Excerpt
Department of Anesthesiology, Duke University Medical Center, Durham, North Carolina
Anesthesiology, 92: 851–858, 2000
Obstetric analgesia services (OAS) have been characterized as costly, labor-intensive, and poorly rewarded. The workload is unpredictable, and staff requirements are difficult to forecast. A pilot study sought to identify the manpower costs to the anesthesia providers of operating OAS. The costs of providing both attending anesthesiologist coverage for on-demand (intermittent) and for around-the-clock (dedicated) services were examined.
The prospective study recorded the time spent managing labor epidural catheters in a total of 55 parturients. In a modification of classic time and motion studies developed for industry, the staff performing the task recorded their own times for activities. The individual anesthesia staff kept an account of all time spent at the patient’s bedside, from the preoperative chart evaluation to the postprocedure visit. Time measurement for management of OAS stopped when the decision was made to perform cesarean section (CS).

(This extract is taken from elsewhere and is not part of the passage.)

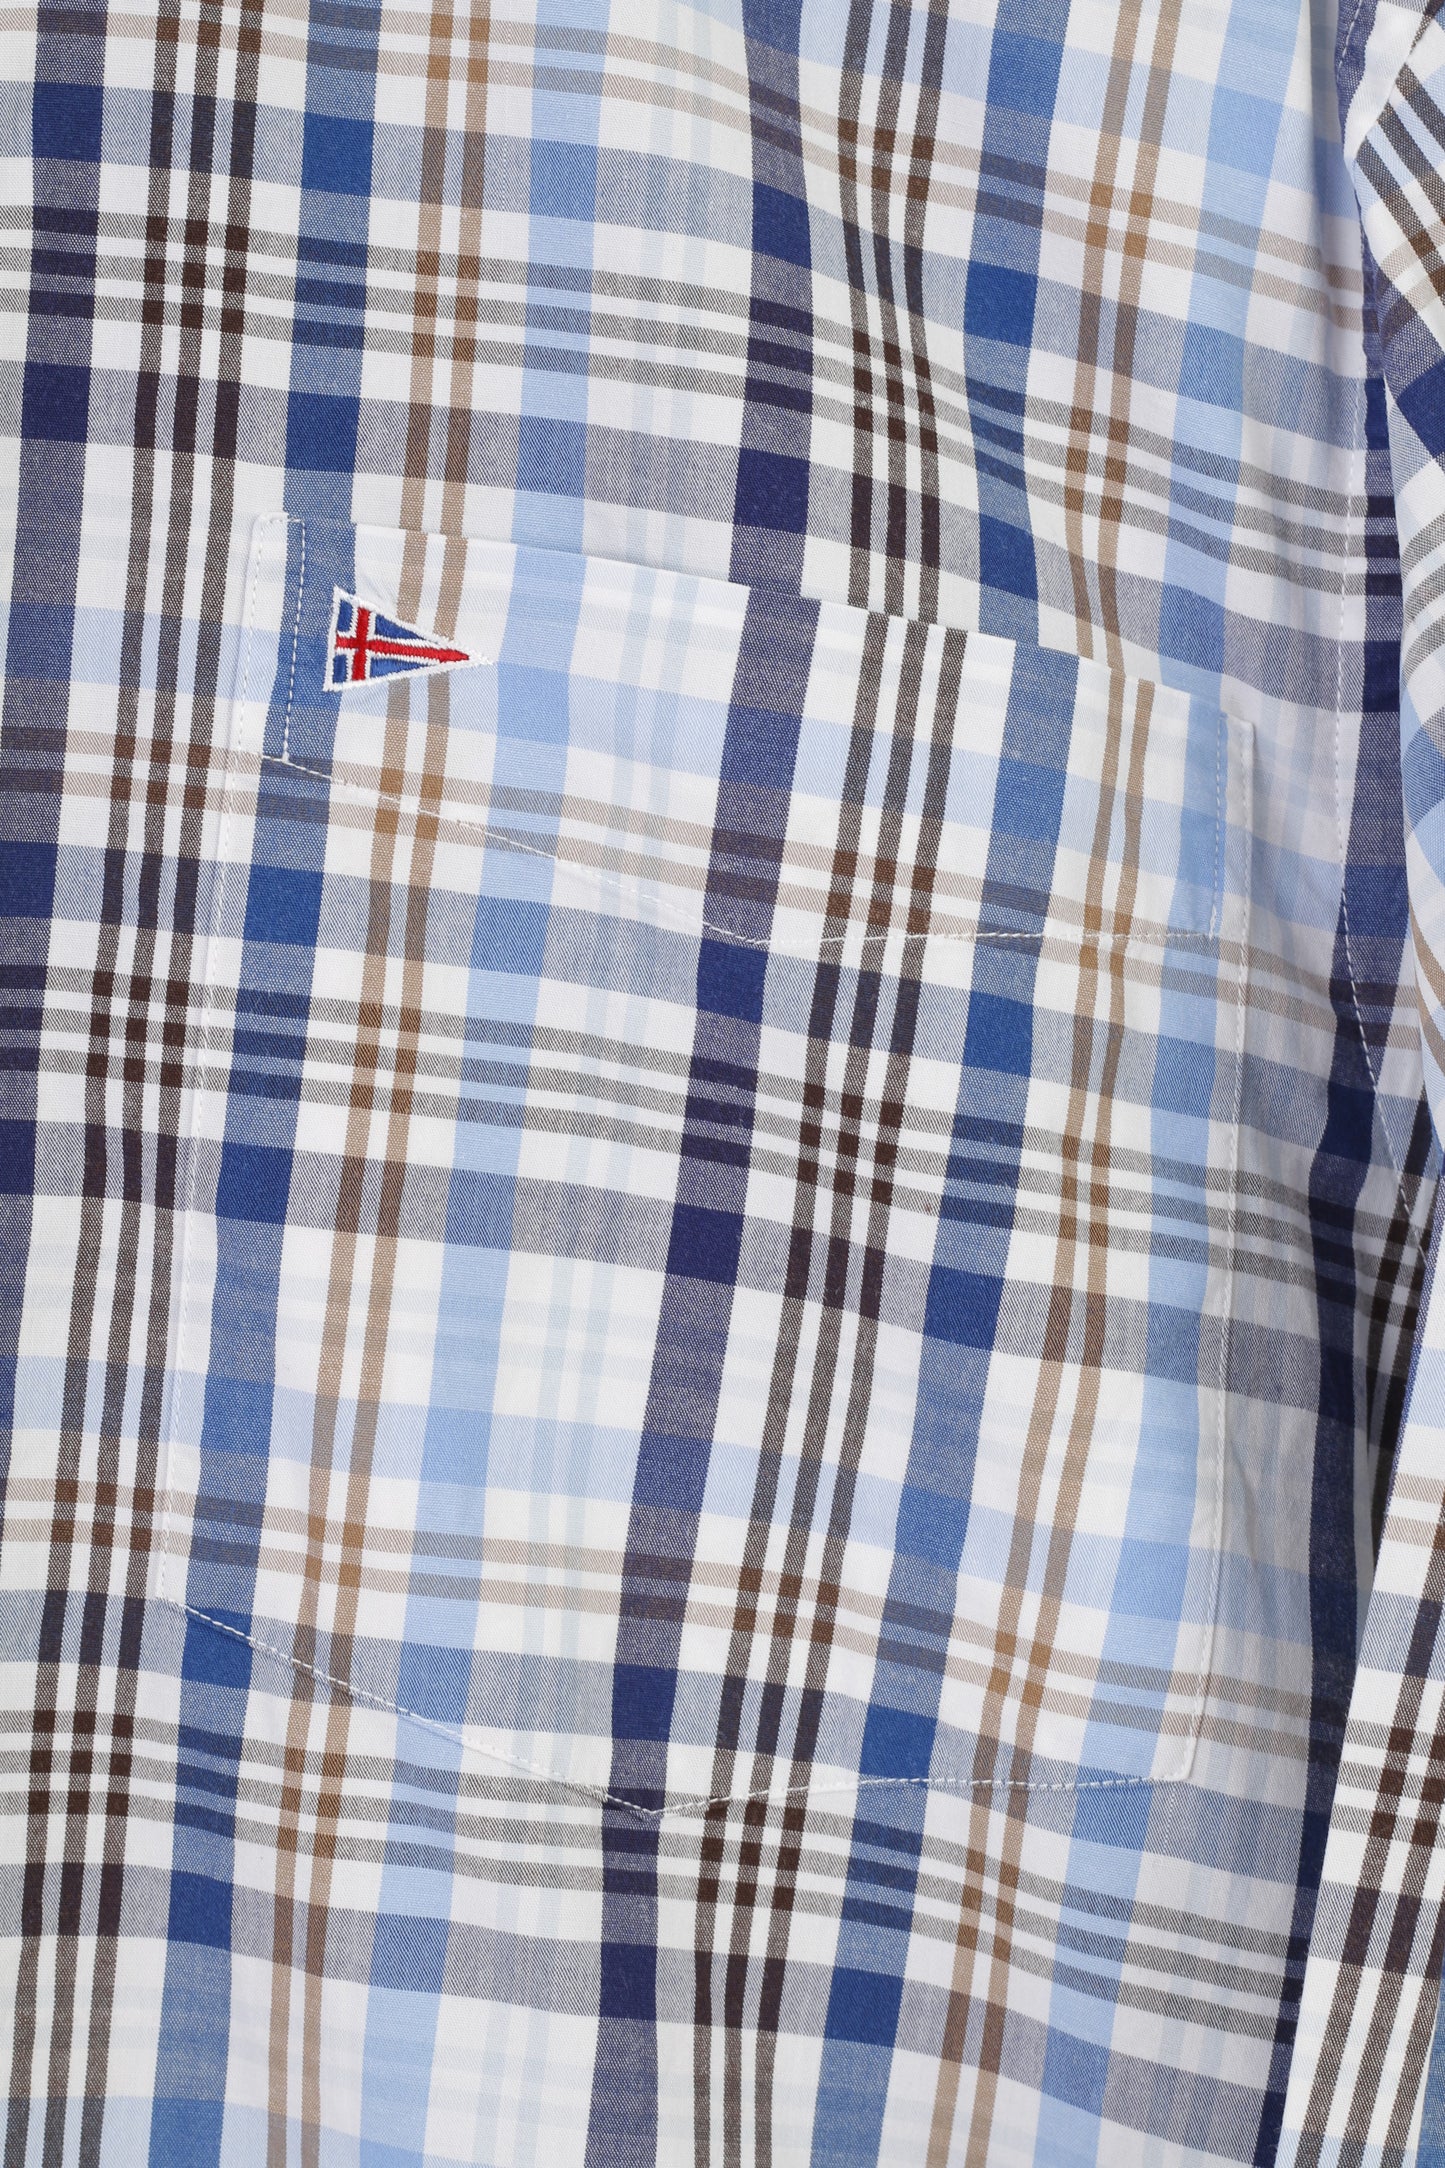 Paul R. Smith Camicia casual da uomo M. Top vestibilità regolare a maniche lunghe in cotone a quadri blu

During the study period, 42 (76%) labor epidural catheters were placed by the resident on duty supervised by the on-site attending anesthesiologist, 7 (13%) by the certified registered nurse anesthetist supervised by the on-site attending anesthesiologist, and 6 (11%) by the attending anesthesiologist without assistance. There were 34 spontaneous vaginal deliveries, 5 vacuum-assisted deliveries, 4 low or outlet forceps deliveries, and 11 CSs. The mean duration of OAS was 412 min and the mean bedside anesthesia staff time 90 min. A mean of 6.3 visits were made to each patient’s bedside. The calculated labor cost for intermittent staffing was $325 per patient. Dedicated staffing, the actual practice at Duke University Medical Center (DUMC) requires a cost of $728 per patient.
The cost per OAS patient was not covered by average indemnity ($299) or Medicaid ($204) reimbursements. Dedicated obstetric staffing cannot operate profitably at DUMC, and breaking even cannot occur with Medicaid reimbursement. Because operating room reimbursement subsidizes OAS costs, it is possible to break even under indemnity reimbursement.